[WHAT YOU NEED TO DO]: All lines below must be repeated exactly, with the pictures omitted.

[DATA SHOWN]:
===

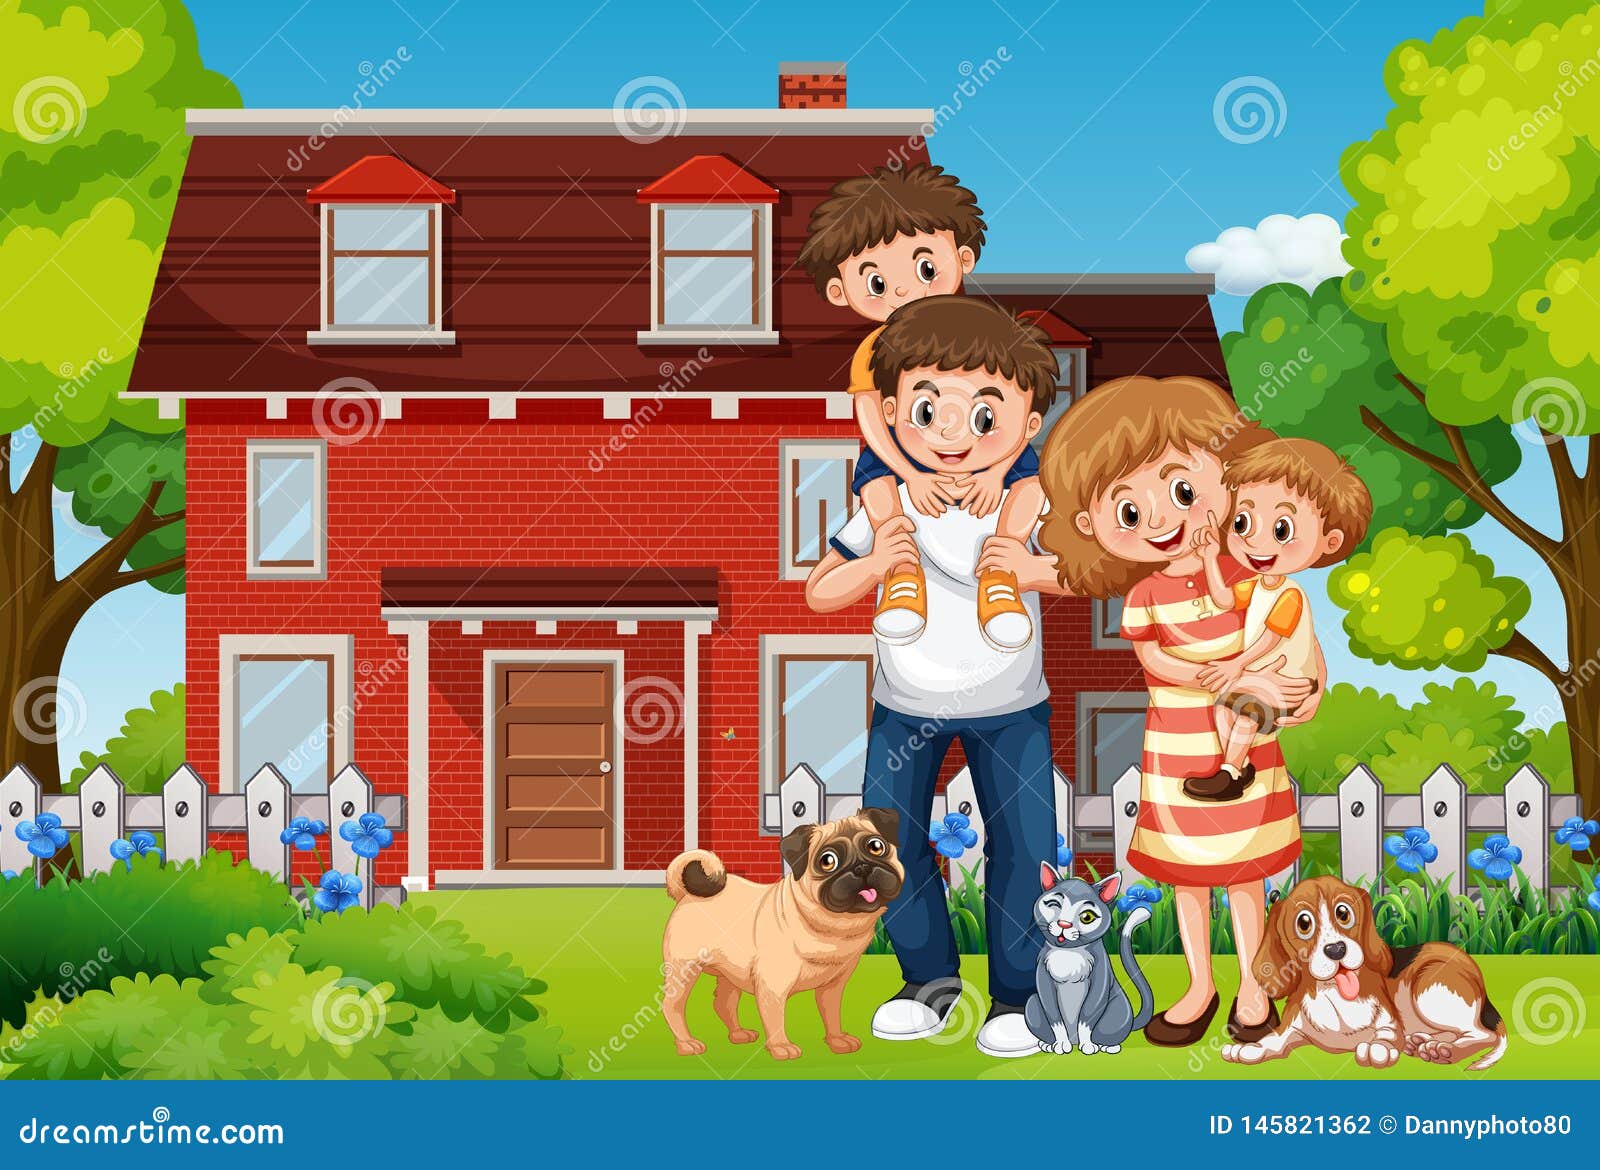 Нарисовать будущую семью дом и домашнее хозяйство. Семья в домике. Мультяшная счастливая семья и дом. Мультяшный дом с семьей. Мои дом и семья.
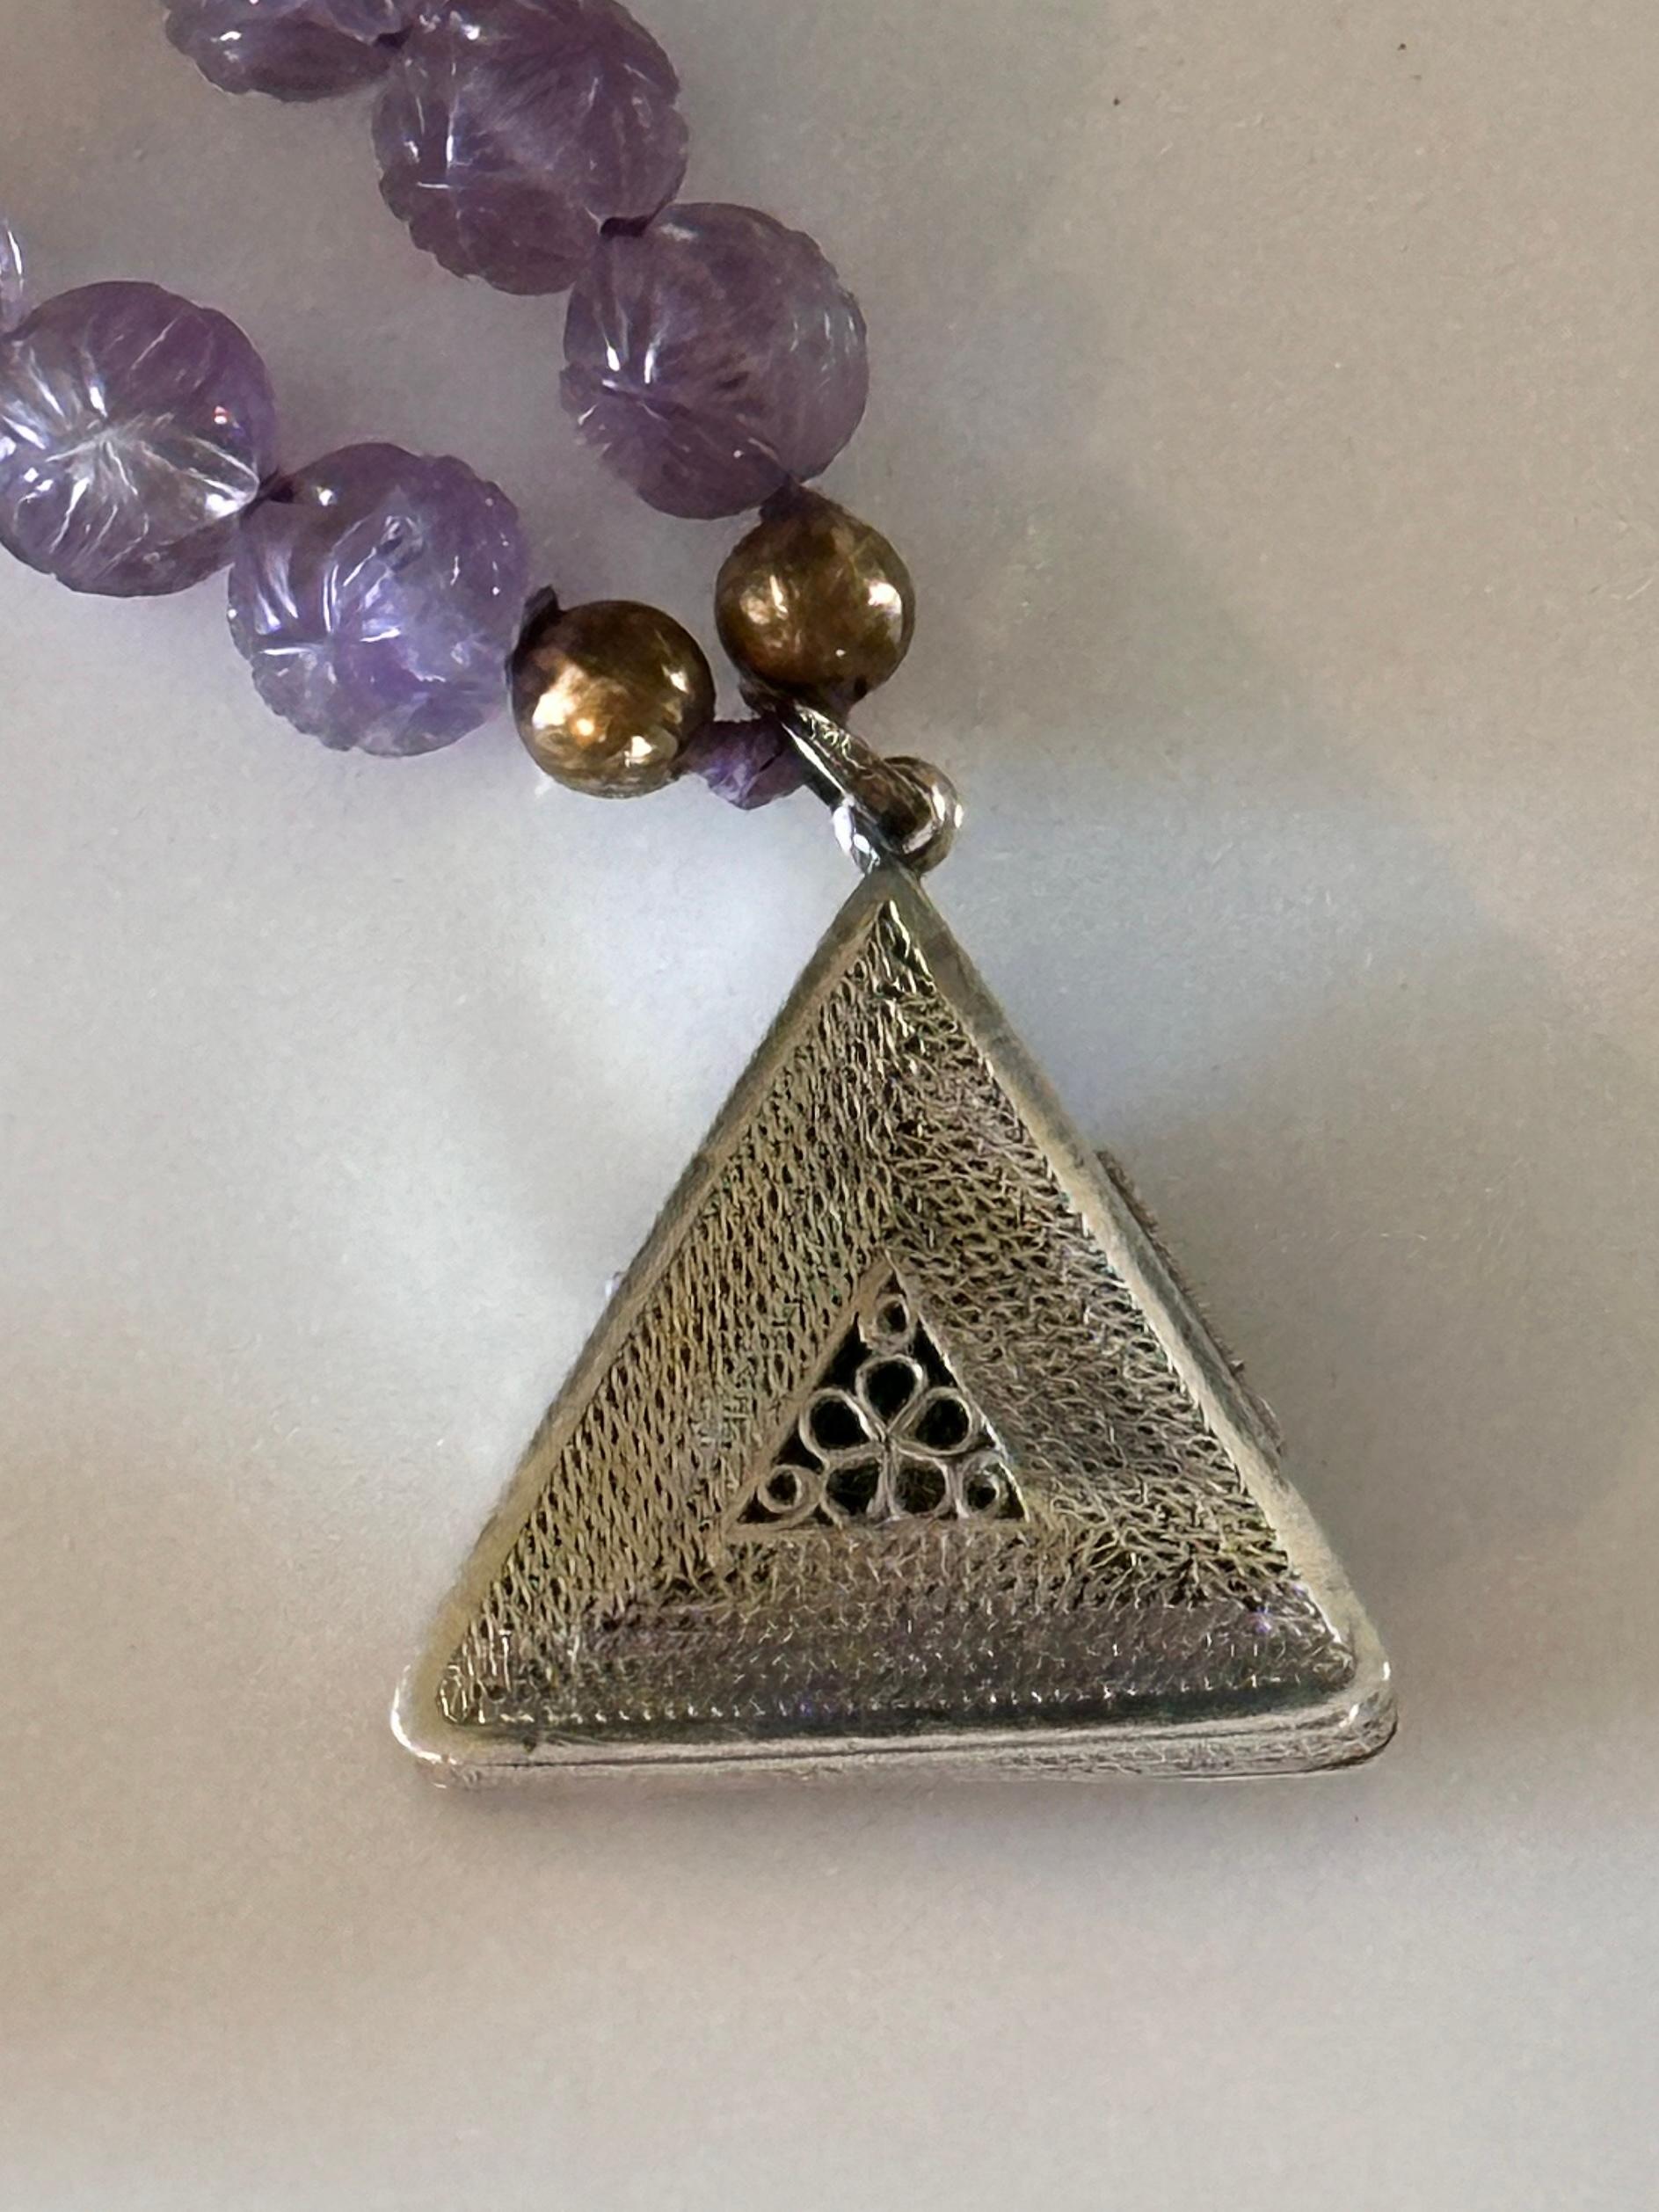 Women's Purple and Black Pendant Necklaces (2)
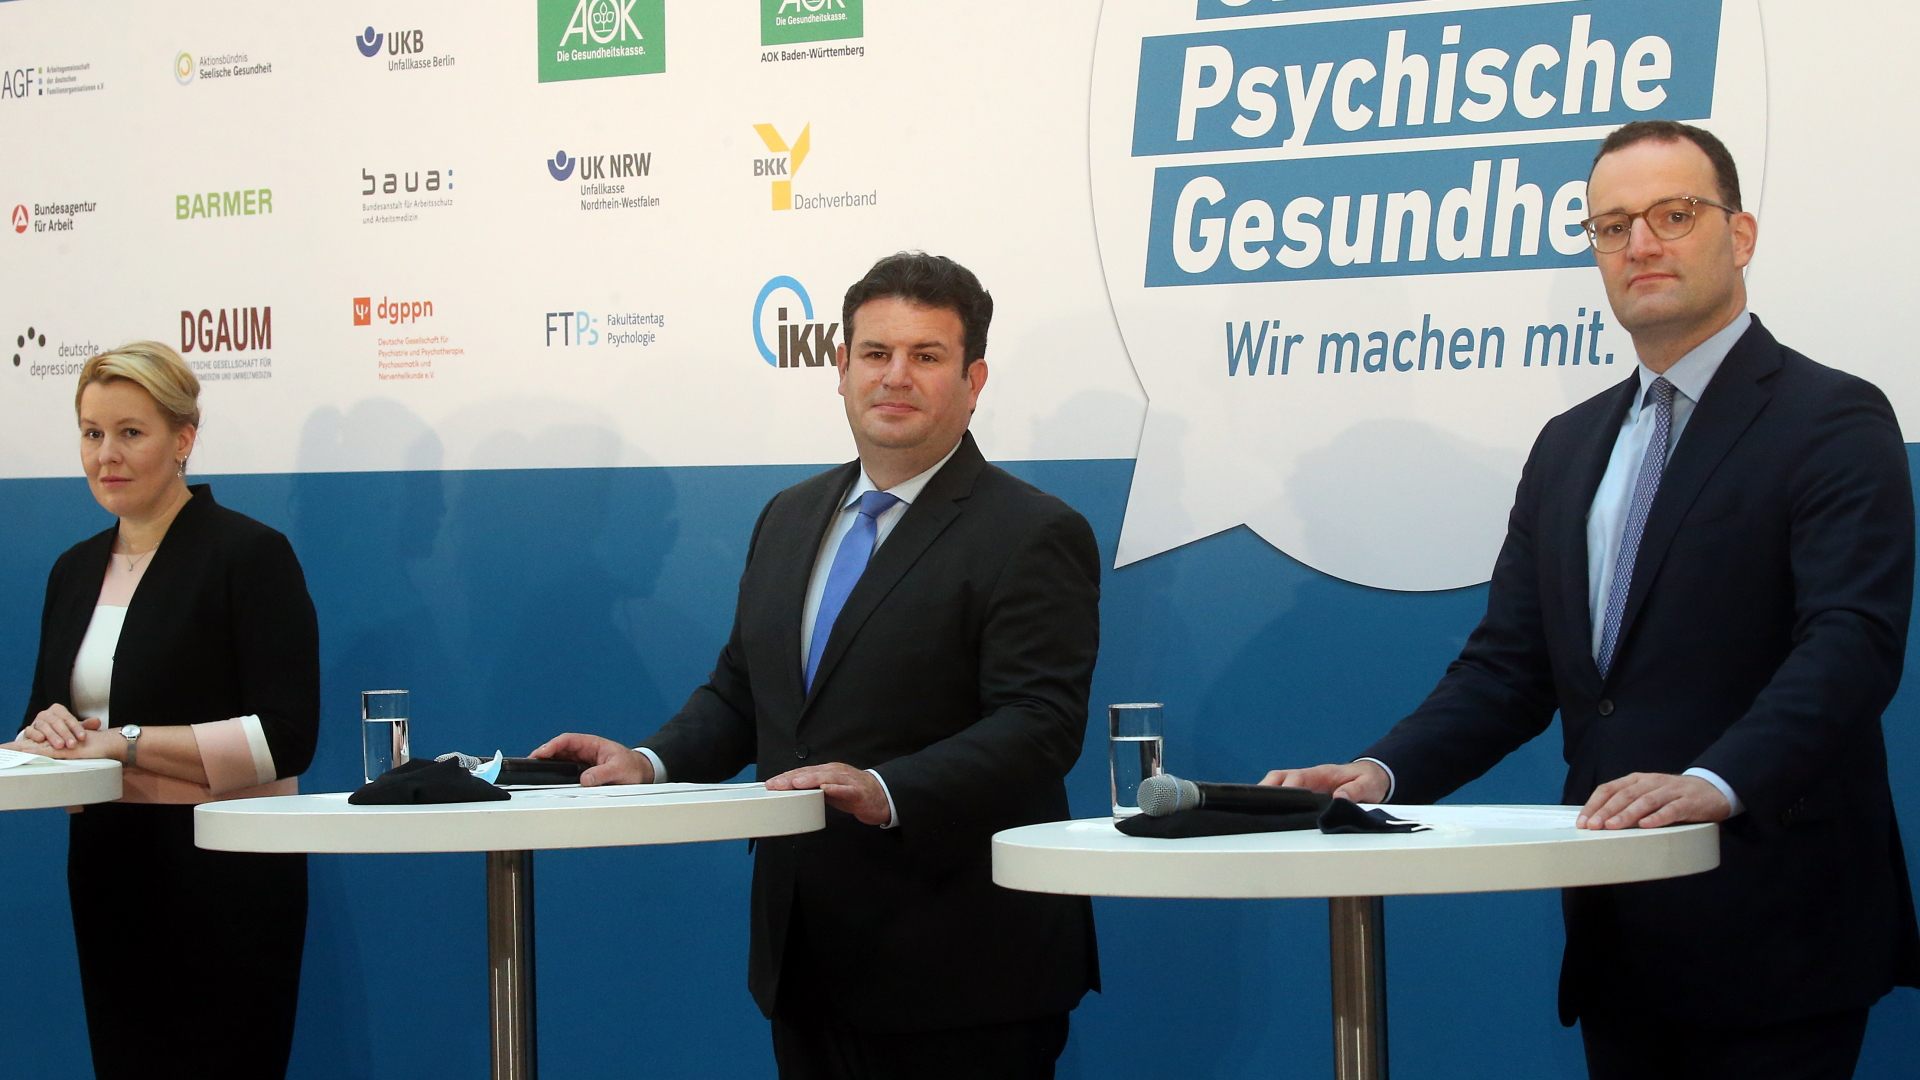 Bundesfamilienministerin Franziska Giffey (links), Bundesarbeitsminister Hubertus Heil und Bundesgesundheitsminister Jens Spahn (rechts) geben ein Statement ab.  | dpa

===

[ANSWER SECTION]:
 Нарисовать будущую семью дом и домашнее хозяйство. Семья в домике. Мультяшная счастливая семья и дом. Мультяшный дом с семьей. Мои дом и семья.
 Women's Purple and Black Pendant Necklaces (2)
 Bundesfamilienministerin Franziska Giffey (links), Bundesarbeitsminister Hubertus Heil und Bundesgesundheitsminister Jens Spahn (rechts) geben ein Statement ab.  | dpa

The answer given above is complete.